Hermeneutical Implications of Canonical Structure

by | Dec 13, 2010 | Biblical Theology, Hermeneutics, New Testament, Old Testament

Previous posts in this series:

Canonical Structure and Hermeneutics: Intro.

Canonical Structure of the OT – 1

Canonical Structure of the OT – 2 (the Hebrew Bible)

Canonical Structure of the NT

Hermeneutical Implications of Canonical Structure

1.      Both Testaments are similar in that the Pentateuch and the Gospels function as historical and theological foundations for subsequent books. This is so obvious in light of previous posts that it needs no further comment. 

 

2.      Both Testaments are similar in that subsequent books depend on previous revelation and are theologically continuous of that revelation. Since this is the case, we should not be surprised if subsequent revelation includes some explanation of antecedent revelation. And when this occurs, it is God commenting on what he has done or said in the past and its relevance for the present. Subsequent revelation often makes explicit what was only implicit in antecedent revelation.

 

3.      Both Testaments have similar canonical shapes which seem to have been deliberately formed. What Dempster says of the New Testament Gospels can be said of the Old Testament’s Pentateuch. “…the Gospels…have a hermeneutical and theological priority by virtue of their initial position in the canon.”[1] The New Testament is clearly centered on Jesus Christ as the fulfillment of Old Testament messianic promise. Its canonical shape seems to reflect its theological content (the coming of Christ [the Gospels] is followed by the implications of his coming [Acts-Revelation]). If it is indeed the case that canonical shape was theologically deliberate, then it would seem at least to suggest that the following words of James Hamilton with reference to the Old Testament are worthy of serious consideration. Hamilton says, “…from start to finish, the OT is a messianic document, written from a messianic perspective, to sustain a messianic hope.”[2] He goes on to offer two caveats to this claim.

First, I wish to make plain the inductive steps that led to this hypothesis. We inductively observe that there is much messianic speculation in second temple Judaism (both in the NT and the intertestamental literature). We add to this the observation that this speculation is anchored in the OT. We then set aside the possibility that ancient people were stupid, which seems to be an implicit assumption of a good deal of modern scholarship, and we seek a hypothesis that explains the data. Since the authors of these texts are presumably seeking to be persuasive to their contemporaries (see, e.g., John 20:31), it seems to me unlikely that their contemporaries would grant the imposition of new meanings onto these texts. One hypothesis that explains the fact that “Early Christians, rabbinic sources, and the sectarians at Qumran cite the same biblical texts in their portrayals of the royal messiah” (J. J. M. Roberts, “The Old Testament’s Contribution to Messianic Expectations,” in The Messiah [ed. J. H. Charlesworth; Minneapolis: Fortress, 1992], 41 n. 2) is that the OT is a messianic document, written from a messianic perspective, to sustain a messianic hope. This would mean that these disparate groups are not imposing a messianic interpretation on these texts but rightly interpreting them. This is not the only available hypothesis, but it seems to me to be the most convincing. I agree with John Sailhamer, who writes, “I believe the messianic thrust of the OT was the whole reason the books of the Hebrew Bible were written. In other words, the Hebrew Bible was not written as the national literature of Israel. It probably also was not written to the nation of Israel as such. It was rather written, in my opinion, as the expression of the deep-seated messianic hope of a small group of faithful prophets

and their followers” (“The Messiah and the Hebrew Bible,” Journal of the Evangelical Theological Society 44 [2001]: 23). The variations in messianic expectation show that the developing portrait of the coming Messiah was not crystal clear, but the pervasive expectation supports the hypothesis.

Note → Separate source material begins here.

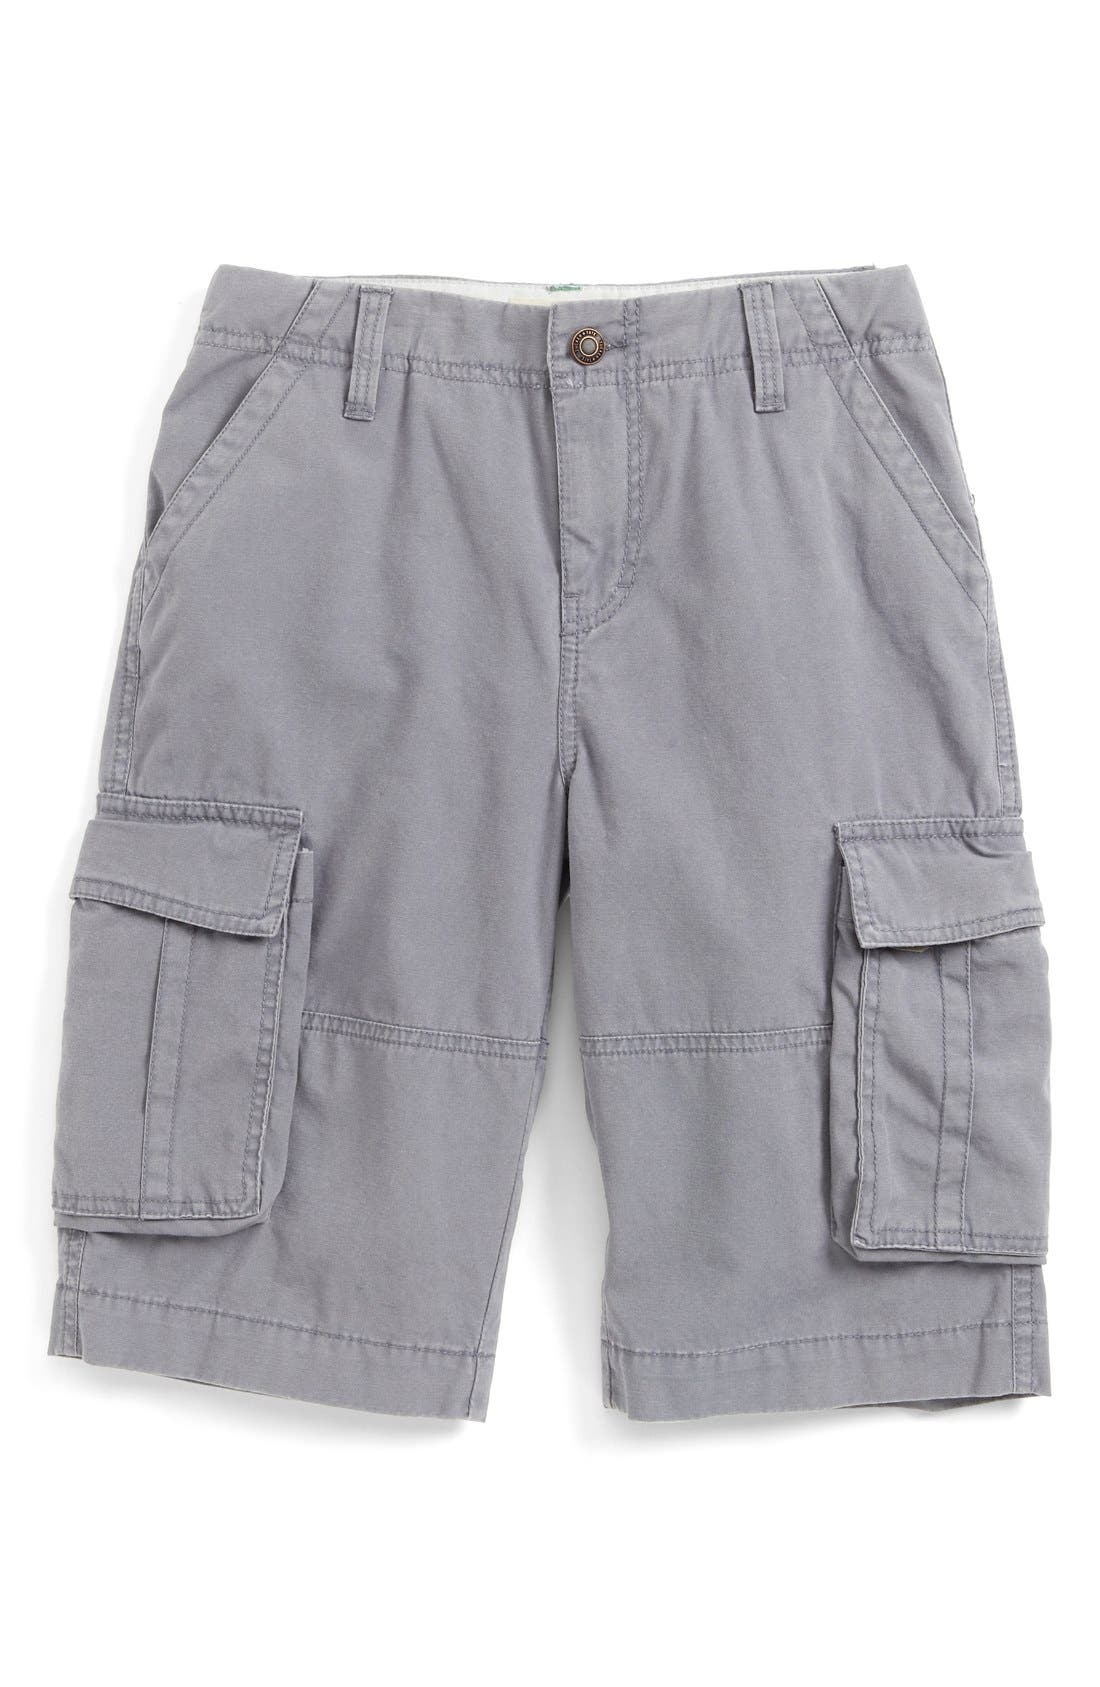 Alternate Image 1 Selected - Tucker + Tate Cargo Shorts (Little Boys)

My second caveat is that though I am calling this “messianic,” I do recognize that this term seems not to receive a technical meaning until the second temple period. But as Rose has written, “It is a matter of confusing language and thought . . . to conclude on this basis that one can speak of messianic expectations properly only after a particular word was used to refer to the person at the center of these expectations” (W. H. Rose, “Messiah,” in Dictionary of the Old Testament: Pentateuch [Downers Grove: InterVarsity, 2003], 566). Cf. also John J. Collins, The Scepter and the Star: The Messiahs of the Dead Sea Scrolls and Other Ancient Literature (New York: Doubleday, 1995), 11–12.[3]


[1] Dempster, Dominion and dynasty, 42.

[2] James Hamilton, “The Skull Crushing Seed of the Woman: Inner-Biblical Interpretation of Genesis 3:15,” The Southern Baptist Journal of Theology 10.2 (2006), 30.

[3] Hamilton, “The Skull Crushing Seed of the Woman,” SBJT 10.2 (2006), 44, n.5.